Nachdem die zweite Woche nun auch hinter uns liegt, verbringen wir einige Tage im sonnigen Norden auf einer Insel um uns etwas zu erholen.
In der letzten Woche haben wir uns die nördlichen Nationalparks auf dem Festland angesehen und sind mindestens genauso begeistert, wie in der ersten Woche. Highlight war die Übernachtung in einer "Schutzhütte", wo man fast so wie die lokalen Dorfbewohner lebt, Hütte aus Holz und Palmblättern, gerade mal gross genug für ein Bett, Wasser aus dem Brunnen, Gemeinschaftstoilette und -Dusche (die man nicht benutzt, wenn es nicht gerade notwendig ist). Dass das Klo keine Wasserspülung, sondern nur einen Eimer mit einem Becher zum Spülen hatte, hat es nur authentischer gemacht :-)

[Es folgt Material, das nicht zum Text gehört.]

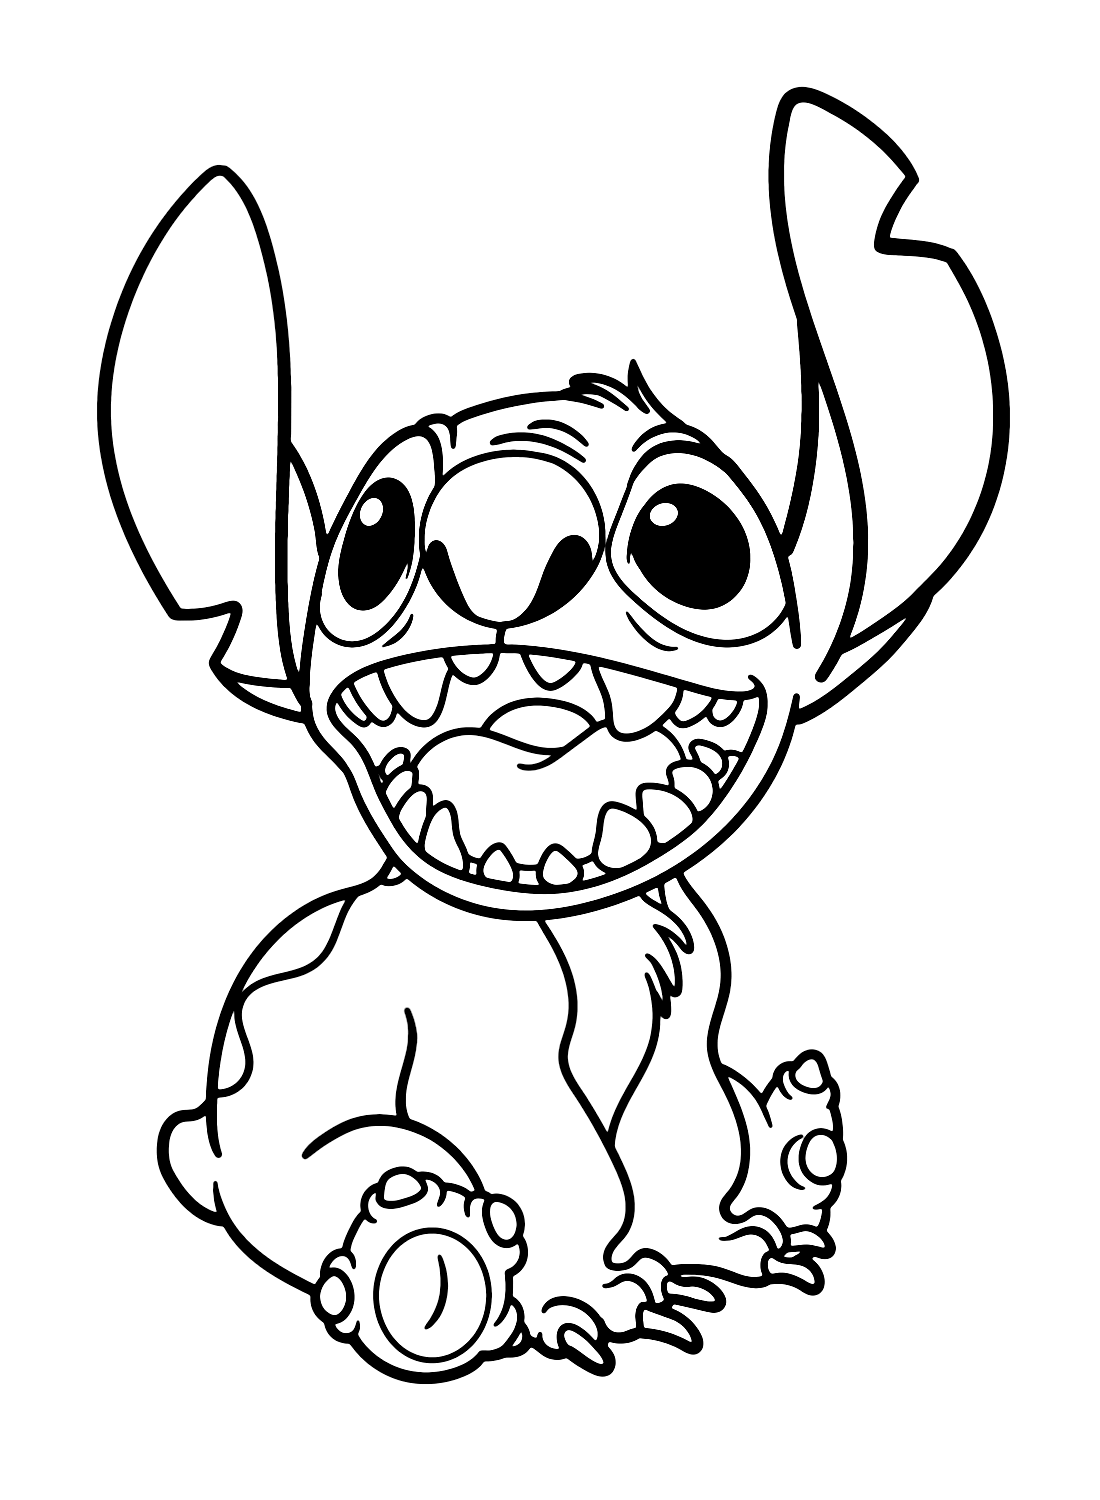 Stitch coloring page Coloring Page

Aber wenn man sich mal daran gewöhnt hat, und die Geräusche zuordnen kann, dann ist es einfach, aber durchaus interessant - man hört übrigens auf den Palmblättern Geckos gehen :-)
Neben vielen Lemuren, dem kleinsten Chamäleon der Welt,
einer Krabbenspinne,
einer Schlange, die Irmgard dann sogar vom Weg weg in die Botanik gesetzt hat, haben wir auch eine heilige Grotte besucht, die von Fledermäusen besiedelt ist, da sind die Kakerlaken, Spinnen und sonstiges Ungeziefer, die sich in dem Kot der Fledermäuse sehr wohl gefühlt haben, kaum aufgefallen - rutschig war der Boden halt ... Man könnte vermuten, dass bei der Schöpfung, alles was der westliche Mensch für grauslich hält, in diese Grotte gesteckt wurde :-) War aber interessant.
Hoff, Ihr hattet geschlossenes Schuhwerk und nicht etwa Sandalen an in der Grotte ...
AntwortenLöschenLiebe Grüße & noch viele schöne Erlebnisse,
Perro.
Hoffentlich haben die Geckos nicht allzu schwere Schuhe an. :) Klingt aber alles ziemlich genial. Viel Spaß noch!